On en compte vingt-huit sous le village de Daluis et quatorze sous Guillaumes. « Bien que l’on ait découvert des marches qui ont sans doute été creusées plus tardivement, les anciens mineurs accédaient à ces mines du vertige grâce à un système de cordages. » Quoi qu’il en soit, tout au long de l’exploitation des mines, les chercheurs de cuivre ont laissé des traces abandonnant çà et là : graffitis, pièces de monnaie romaines, médiévales, napoléoniennes, sans oublier quelques francs et marks… des vestiges attestant d’une fréquentation continue du site.
Y avait-il une mine d’or ?
Si l’extraction du cuivre est avérée depuis des milliers d’années, une légende raconte qu’entre le XVIIe et le XIXe siècles, au cuivre se seraient accessoirement ajoutés quelques filons d’argent et d’or et qui donnera naissance au « Trésor d’Amen ». L’origine de l’existence d’une mine d’or à Amen – petit hameau non loin de Guillaumes aujourd’hui abandonné – vient sans doute d’un acte signé par Louis XIV, à la fin du XVIle siècle, qui accorde au Marquis de Villeneuve Beauregard, une concession englobant les indices cuprifères (qui renferment du cuivre) à Daluis. Le trésor serait tout simplement ces grottes qui s’élèvent à deux cent cinquante mètres au-dessus du lit du Var sur le bord d’une falaise abrupte. Aujourd’hui, les mines ne se visitent pas. Mais, lorsqu’en levant les yeux, on comprend que les roches qui les abritent racontent une histoire géologique à l’échelle de 280 millions d’années, les paysages prennent une épaisseur temporelle inattendue.
‘‘ On a dénombré quarante-deux galeries ou amorces de galeries”
Remerciements à Gilbert Mari, ancien président de l’Association des Naturalistes de Nice et des Alpes-Maritimes.

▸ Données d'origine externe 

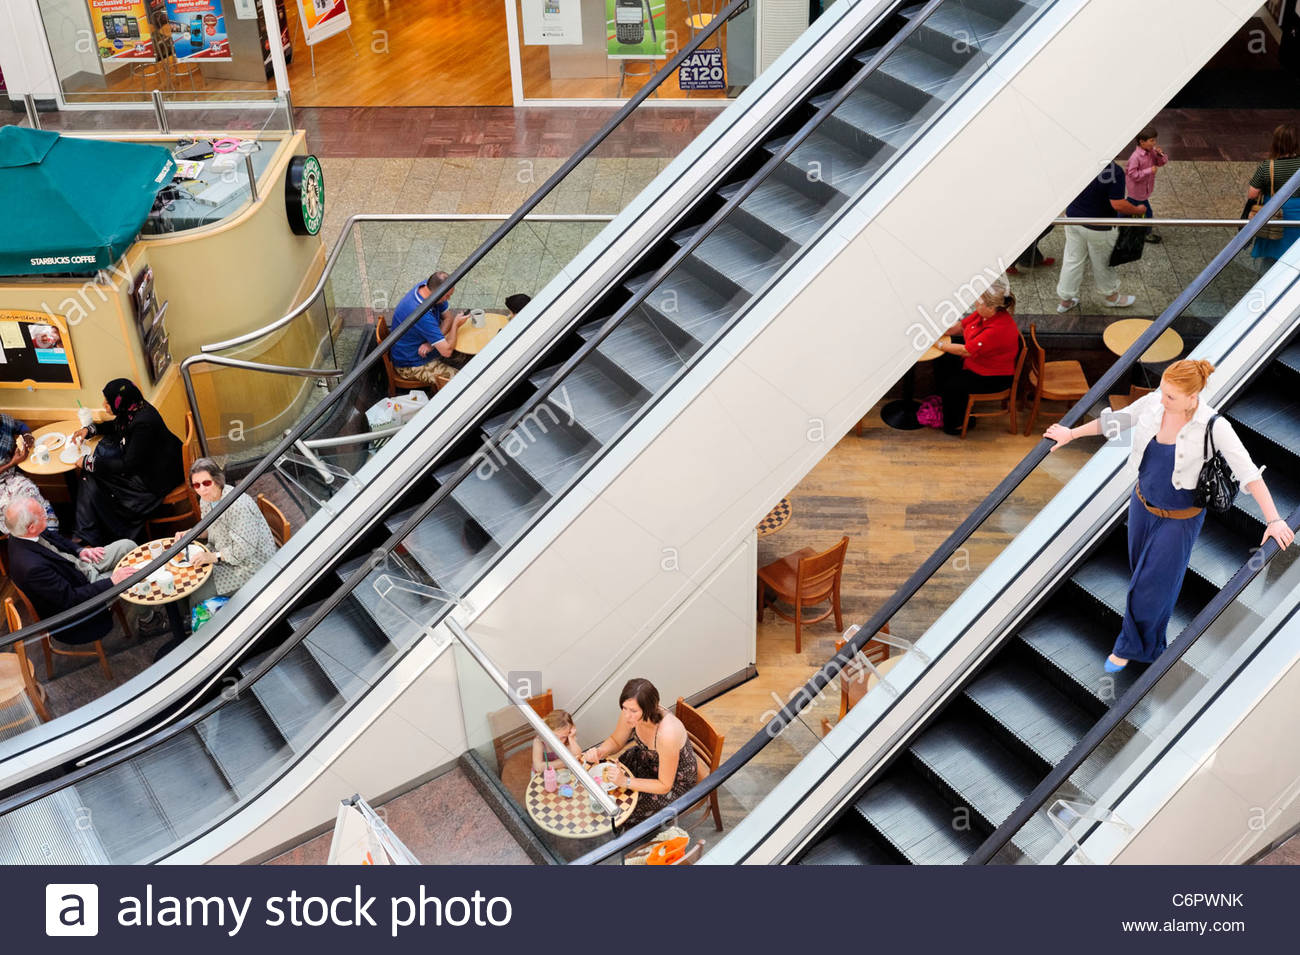 Escalators at Cribbs Causeway shopping mall, Bristol, England, UK. - Stock Image

Les mines de la réserve naturelle de Daluis recèlent un gisement extraordinaire de minéraux. Parmi ceux connus, neuf totalement nouveaux pour la science ont été répertoriés. Notamment la barrotite, inédit et unique au monde. Très complexe aux formes de cristaux hexagonaux, de couleur bleu profond, il a été mis à jour grâce à des échantillons récoltés par Gilbert Mari. Et, comme la découverte d’un nouveau minéral est un évènement relativement rare, elle a été avalisée et largement saluée par la communauté scientifique et géologique internationale en . Son nom rappelle le célèbre dôme du Barrot, le sommet du massif rouge où coulent les gorges de Daluis et du Cians et qui recèlent toutes ces merveilles. Ce qui fait qu’aujourd’hui, le Trésor d’Amen est surtout scientifique.